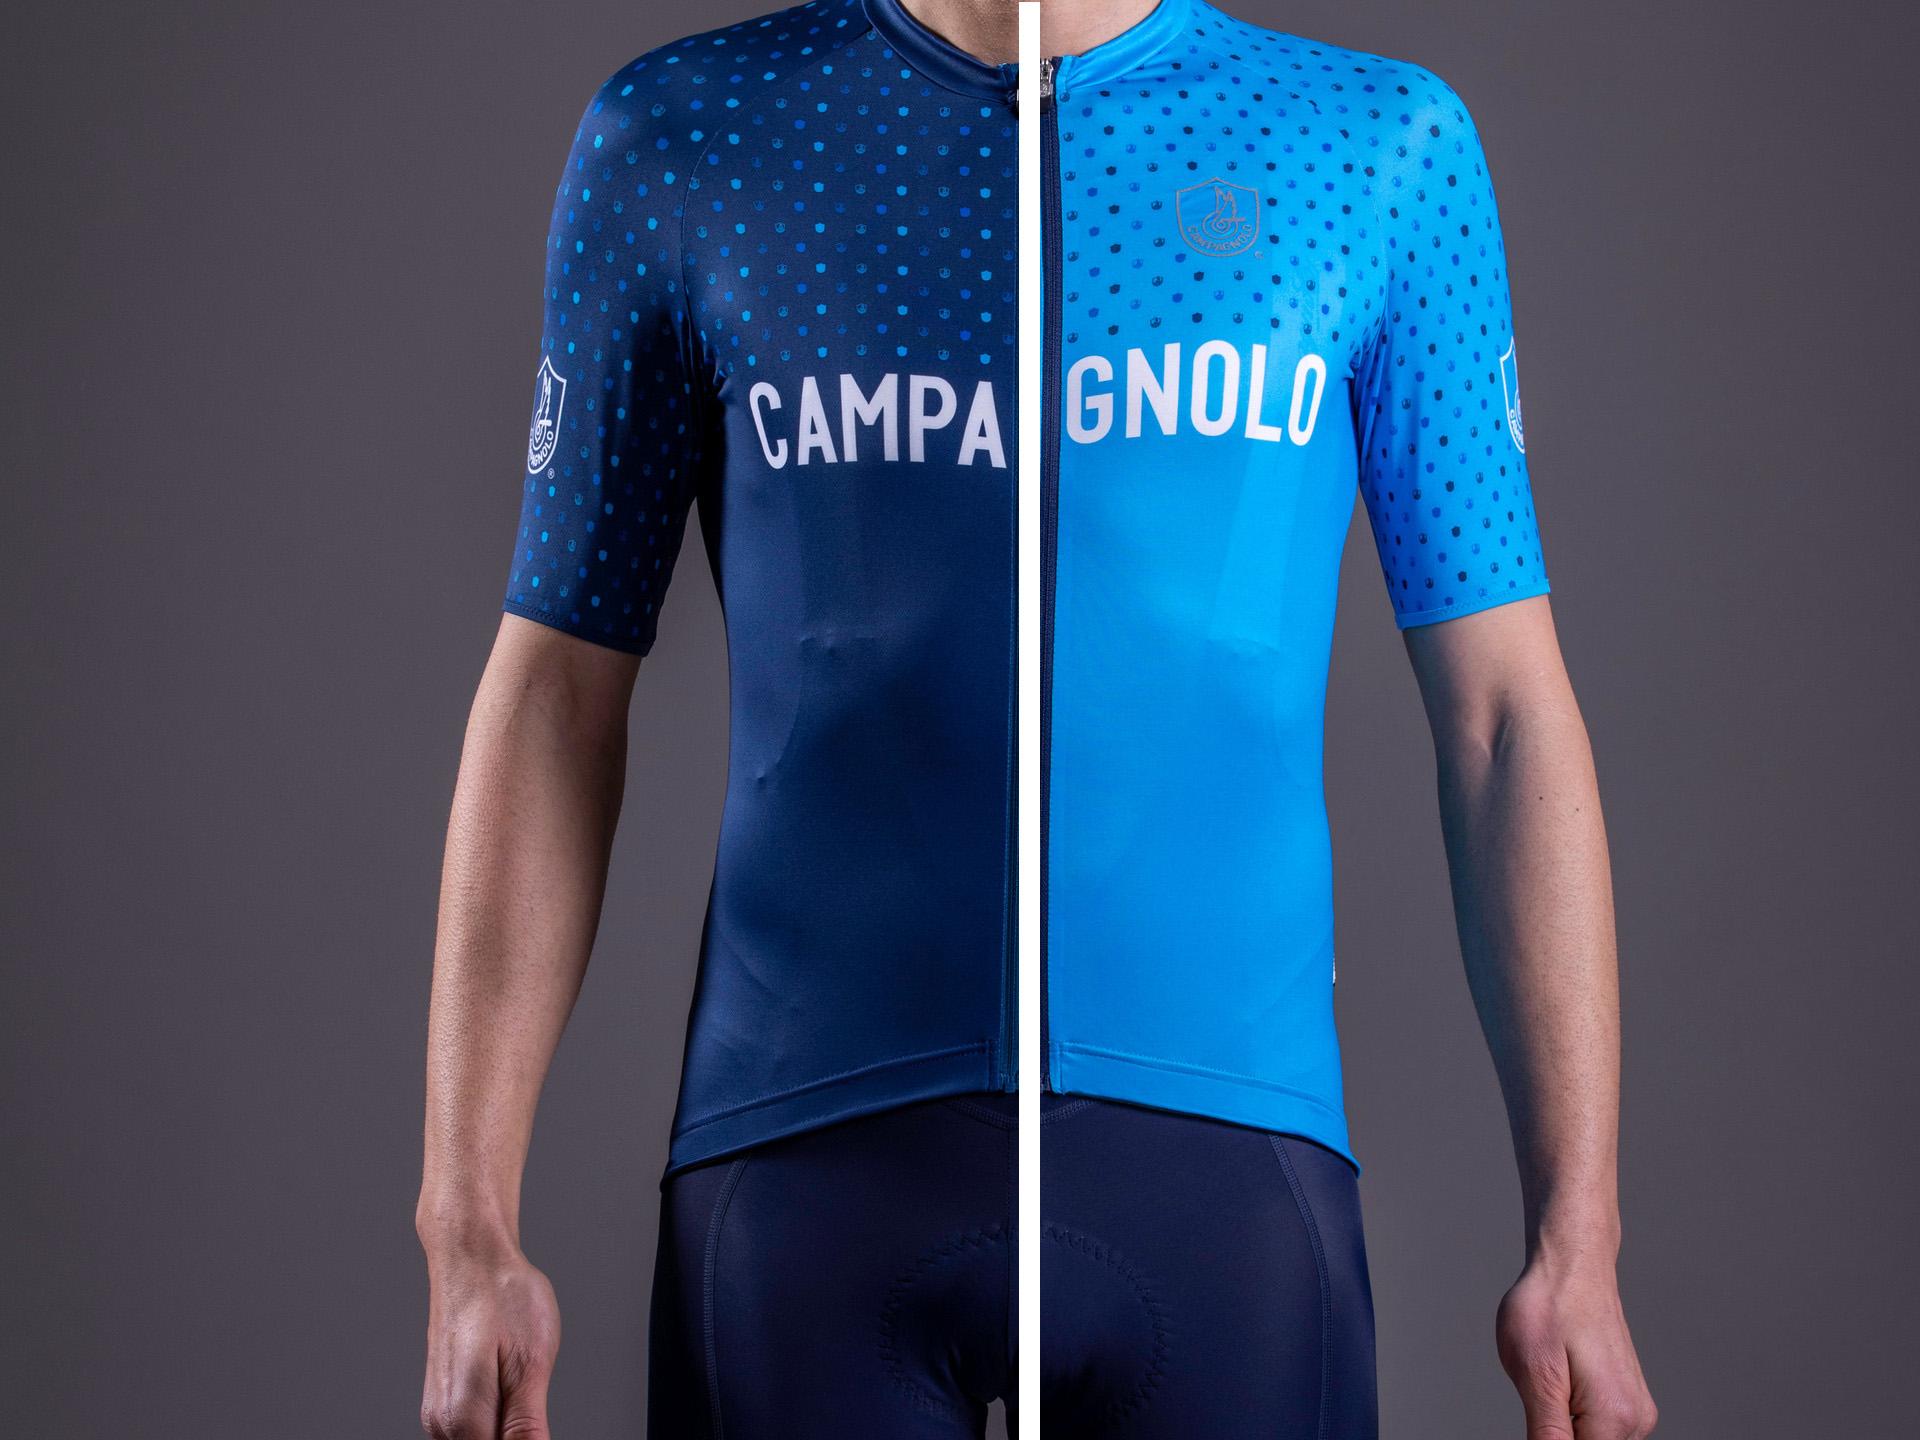 CAMPAGNOLO カンパニョーロ QUARZO クアルツォ サイクリング ジャージ
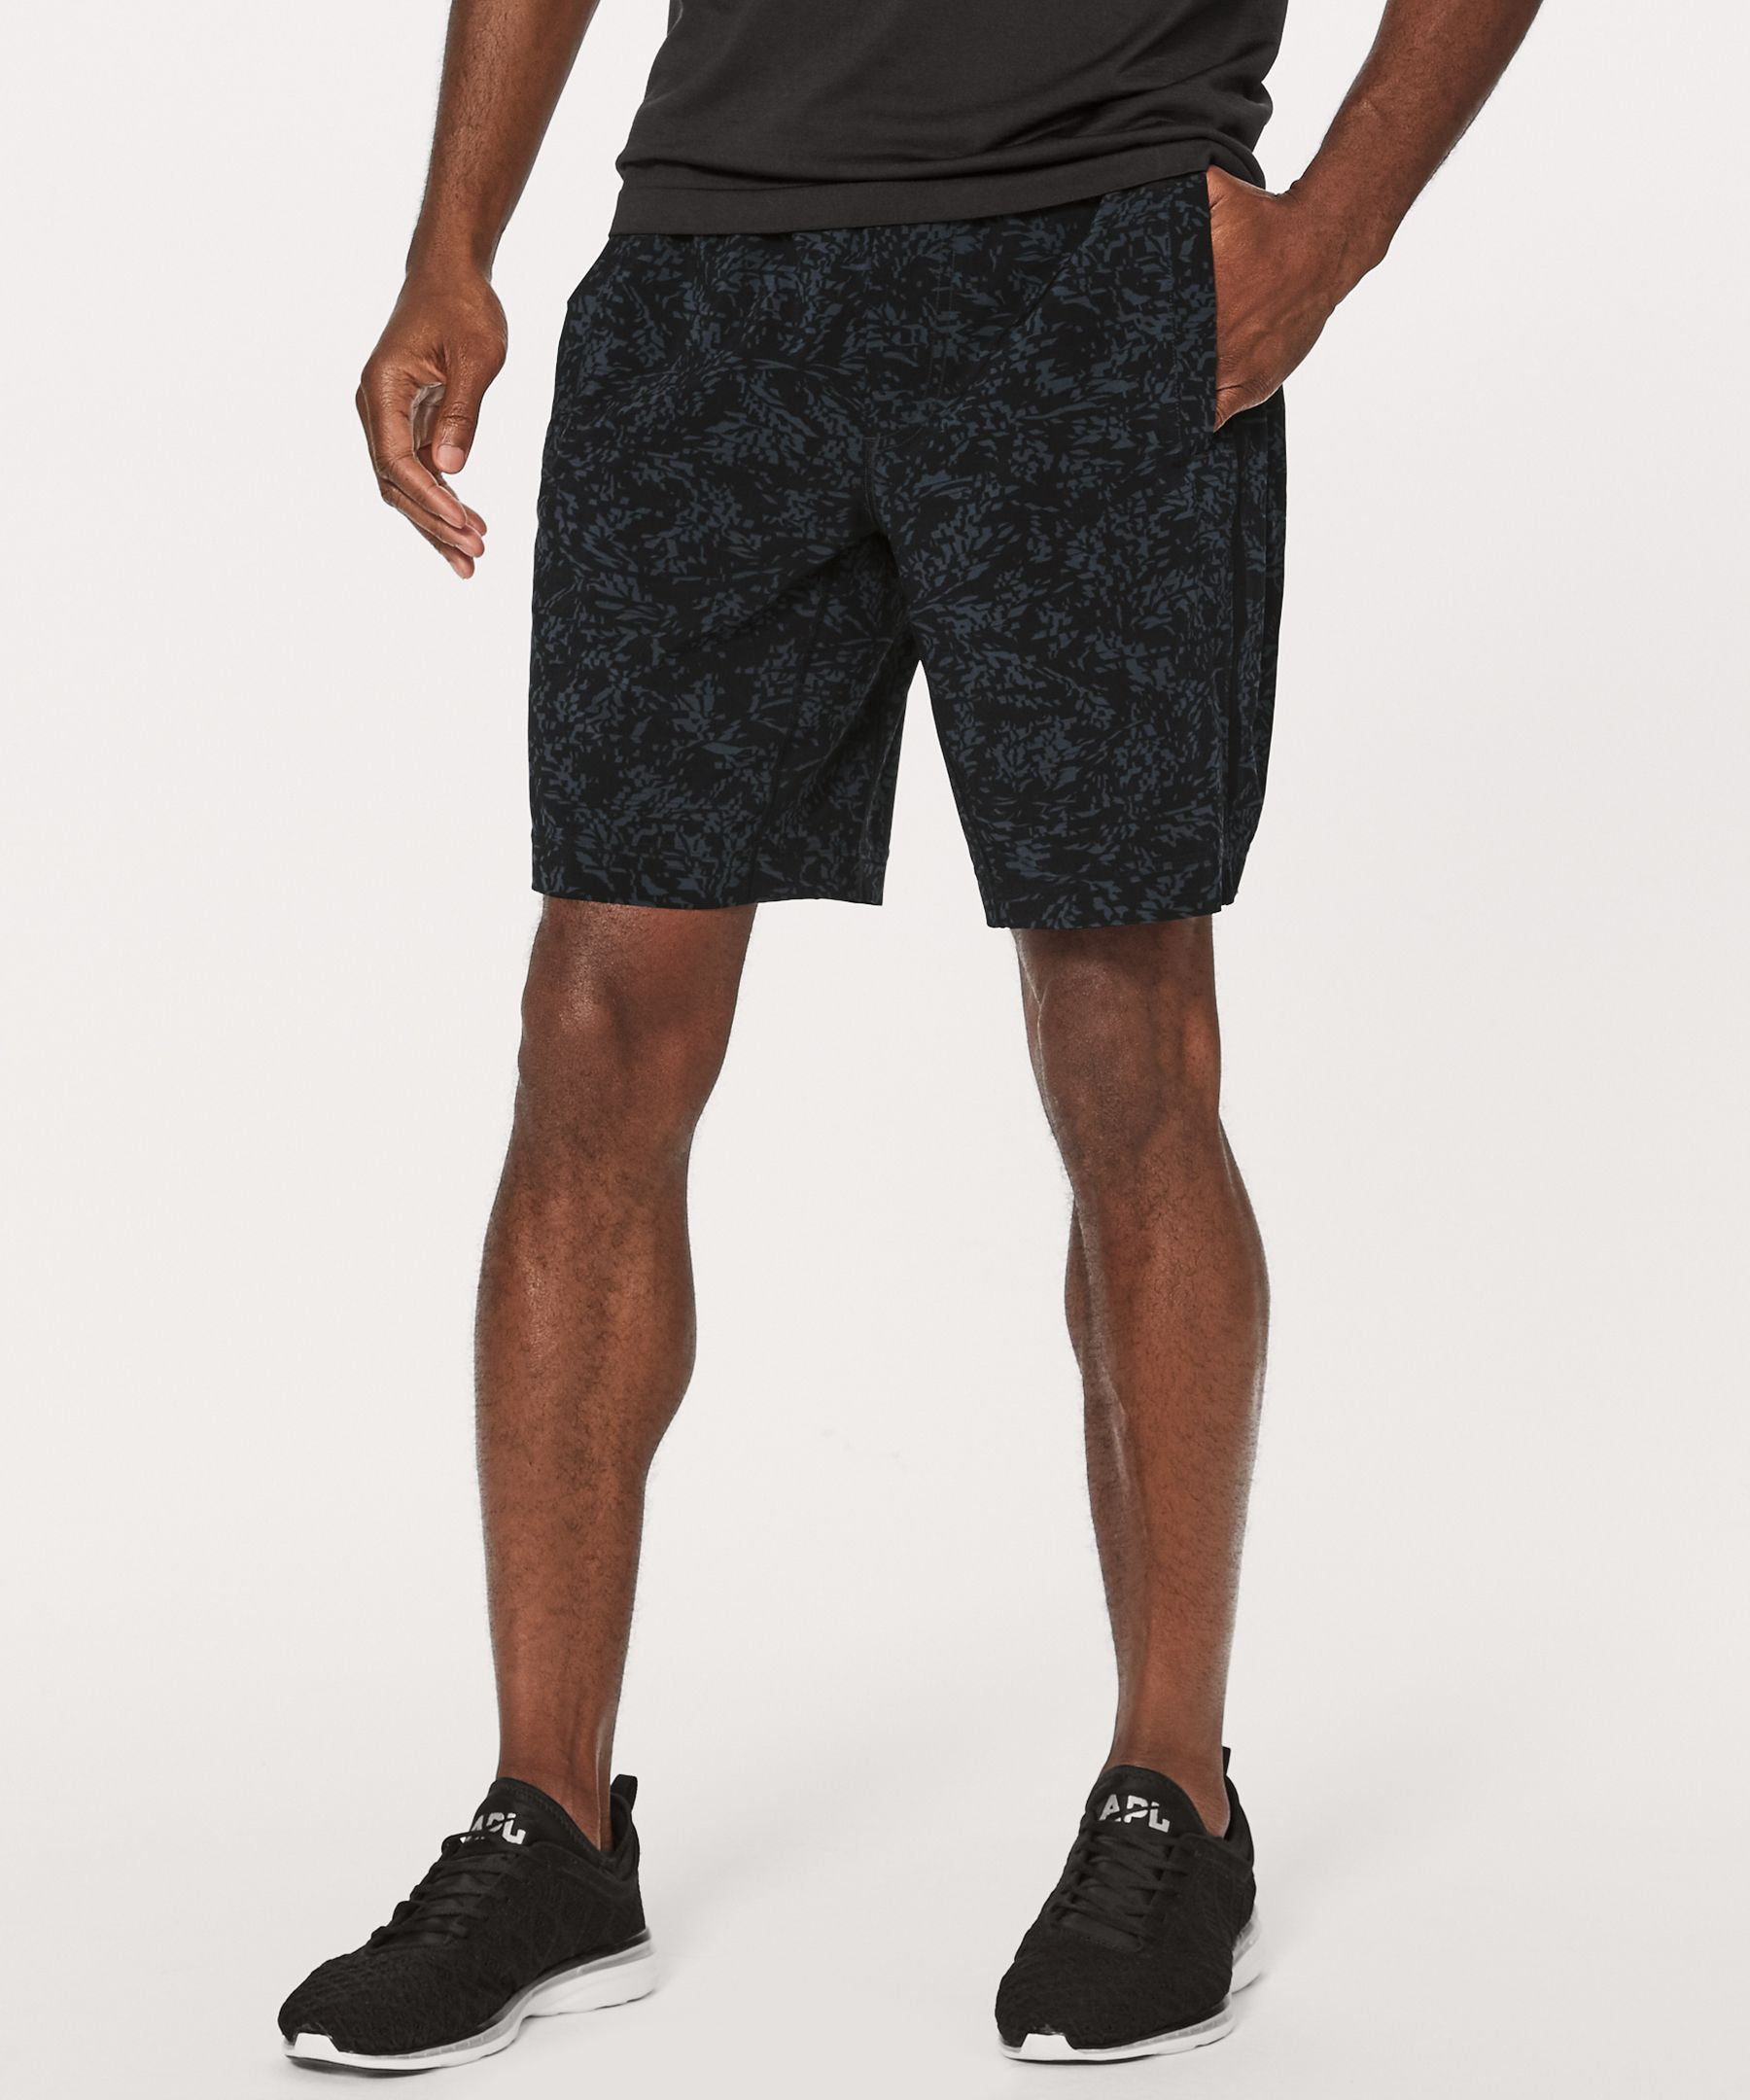 Pace breaker short 9 men 39 s shorts lululemon athletica for Online stores like lulus
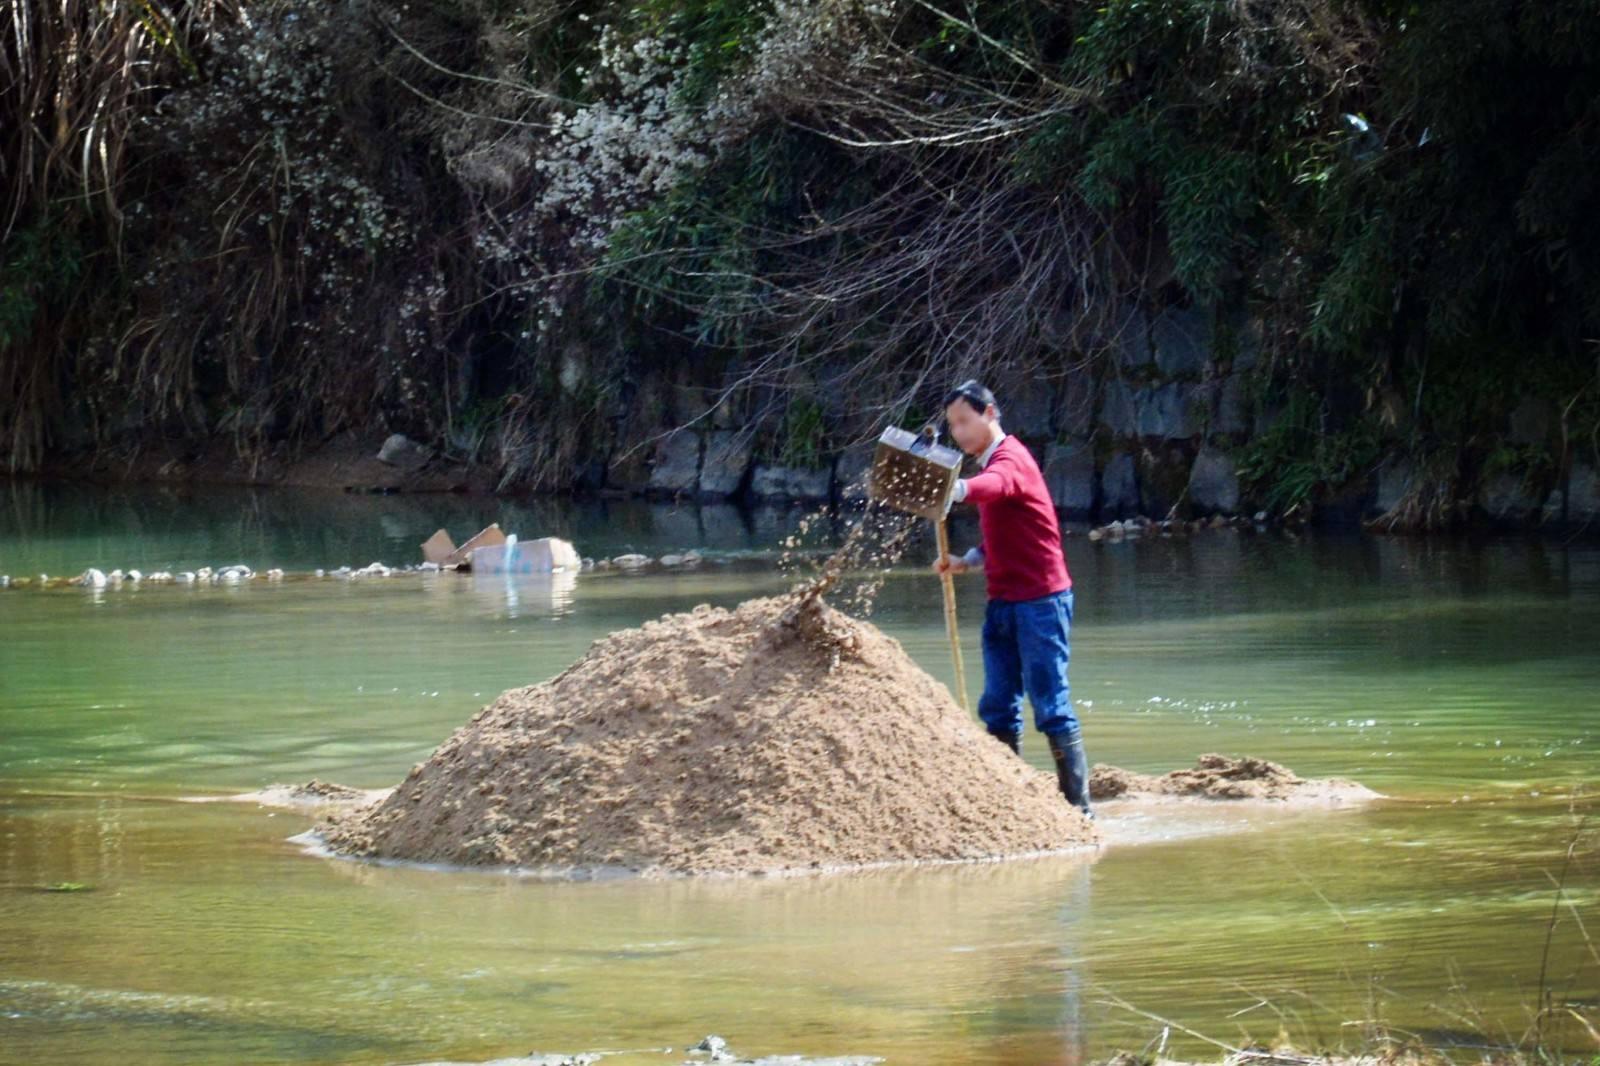 申請經營河道撈沙需要什么前置許可?

=-=-=

## PROMPT:
Copy the listing character for character, pictures omitted.

## SOLUTION TO THIS PROBLEM:
 CAMPAGNOLO カンパニョーロ QUARZO クアルツォ サイクリング ジャージ
 Pace breaker short 9 men 39 s shorts lululemon athletica for Online stores like lulus
 申請經營河道撈沙需要什么前置許可?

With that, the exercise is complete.